What you will do:
Only one portion of the data is to be written out: from the line bearing "IRENE NEUWIRTH JEWELRY-Tropical" through the line bearing "(EBOOK)-Pulmonary Pathophysiology: The". Write it exactly as it appears.

Records excerpted from a collection:
□ □ □ □
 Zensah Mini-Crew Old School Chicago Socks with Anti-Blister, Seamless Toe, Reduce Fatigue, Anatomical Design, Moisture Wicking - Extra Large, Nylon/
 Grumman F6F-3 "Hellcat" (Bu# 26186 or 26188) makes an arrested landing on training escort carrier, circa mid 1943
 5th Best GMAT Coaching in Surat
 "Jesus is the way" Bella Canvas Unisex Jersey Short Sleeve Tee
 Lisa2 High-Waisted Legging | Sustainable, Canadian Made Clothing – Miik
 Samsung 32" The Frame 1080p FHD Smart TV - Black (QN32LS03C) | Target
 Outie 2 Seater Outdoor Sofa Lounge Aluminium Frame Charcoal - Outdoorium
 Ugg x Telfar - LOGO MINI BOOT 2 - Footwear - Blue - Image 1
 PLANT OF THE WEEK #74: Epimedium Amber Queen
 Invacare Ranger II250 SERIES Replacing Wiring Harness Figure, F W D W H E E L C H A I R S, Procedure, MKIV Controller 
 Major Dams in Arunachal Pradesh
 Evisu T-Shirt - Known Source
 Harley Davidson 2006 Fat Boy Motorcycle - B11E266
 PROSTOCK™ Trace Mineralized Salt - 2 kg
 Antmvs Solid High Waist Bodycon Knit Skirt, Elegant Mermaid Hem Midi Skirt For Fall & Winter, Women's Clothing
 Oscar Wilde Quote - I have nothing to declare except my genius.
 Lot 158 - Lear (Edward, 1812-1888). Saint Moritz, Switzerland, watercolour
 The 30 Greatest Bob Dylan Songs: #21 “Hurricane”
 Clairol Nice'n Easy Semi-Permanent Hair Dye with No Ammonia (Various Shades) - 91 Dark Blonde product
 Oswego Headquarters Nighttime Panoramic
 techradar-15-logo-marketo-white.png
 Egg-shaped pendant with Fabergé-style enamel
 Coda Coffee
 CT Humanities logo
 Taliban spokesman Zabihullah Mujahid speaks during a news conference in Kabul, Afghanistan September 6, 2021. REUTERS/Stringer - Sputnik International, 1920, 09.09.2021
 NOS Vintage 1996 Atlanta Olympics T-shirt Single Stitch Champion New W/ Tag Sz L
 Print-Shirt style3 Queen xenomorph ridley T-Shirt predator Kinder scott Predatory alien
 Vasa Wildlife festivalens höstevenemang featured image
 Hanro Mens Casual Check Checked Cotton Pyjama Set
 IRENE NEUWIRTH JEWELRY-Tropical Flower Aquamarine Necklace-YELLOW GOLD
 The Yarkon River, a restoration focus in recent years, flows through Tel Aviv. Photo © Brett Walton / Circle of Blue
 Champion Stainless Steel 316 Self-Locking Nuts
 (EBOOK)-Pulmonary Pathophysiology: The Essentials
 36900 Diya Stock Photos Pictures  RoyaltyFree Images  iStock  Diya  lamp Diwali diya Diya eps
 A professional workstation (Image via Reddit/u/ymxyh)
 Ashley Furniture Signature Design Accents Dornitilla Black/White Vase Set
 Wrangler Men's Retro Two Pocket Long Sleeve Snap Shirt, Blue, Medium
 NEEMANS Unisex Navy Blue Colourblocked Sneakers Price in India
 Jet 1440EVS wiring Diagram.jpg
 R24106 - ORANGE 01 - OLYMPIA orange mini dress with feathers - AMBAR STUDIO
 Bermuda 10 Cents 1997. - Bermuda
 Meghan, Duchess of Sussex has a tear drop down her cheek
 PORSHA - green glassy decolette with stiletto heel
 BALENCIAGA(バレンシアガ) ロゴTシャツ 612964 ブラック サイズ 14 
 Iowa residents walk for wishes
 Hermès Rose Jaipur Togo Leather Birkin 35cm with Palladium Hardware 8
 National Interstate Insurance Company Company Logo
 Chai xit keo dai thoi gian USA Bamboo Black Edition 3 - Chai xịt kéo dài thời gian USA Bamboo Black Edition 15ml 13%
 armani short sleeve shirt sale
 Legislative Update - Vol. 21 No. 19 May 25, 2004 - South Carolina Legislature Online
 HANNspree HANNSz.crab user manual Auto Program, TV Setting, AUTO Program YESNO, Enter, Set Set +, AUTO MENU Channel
□ □ □ □
Solved problem:
 IRENE NEUWIRTH JEWELRY-Tropical Flower Aquamarine Necklace-YELLOW GOLD
 The Yarkon River, a restoration focus in recent years, flows through Tel Aviv. Photo © Brett Walton / Circle of Blue
 Champion Stainless Steel 316 Self-Locking Nuts
 (EBOOK)-Pulmonary Pathophysiology: The Essentials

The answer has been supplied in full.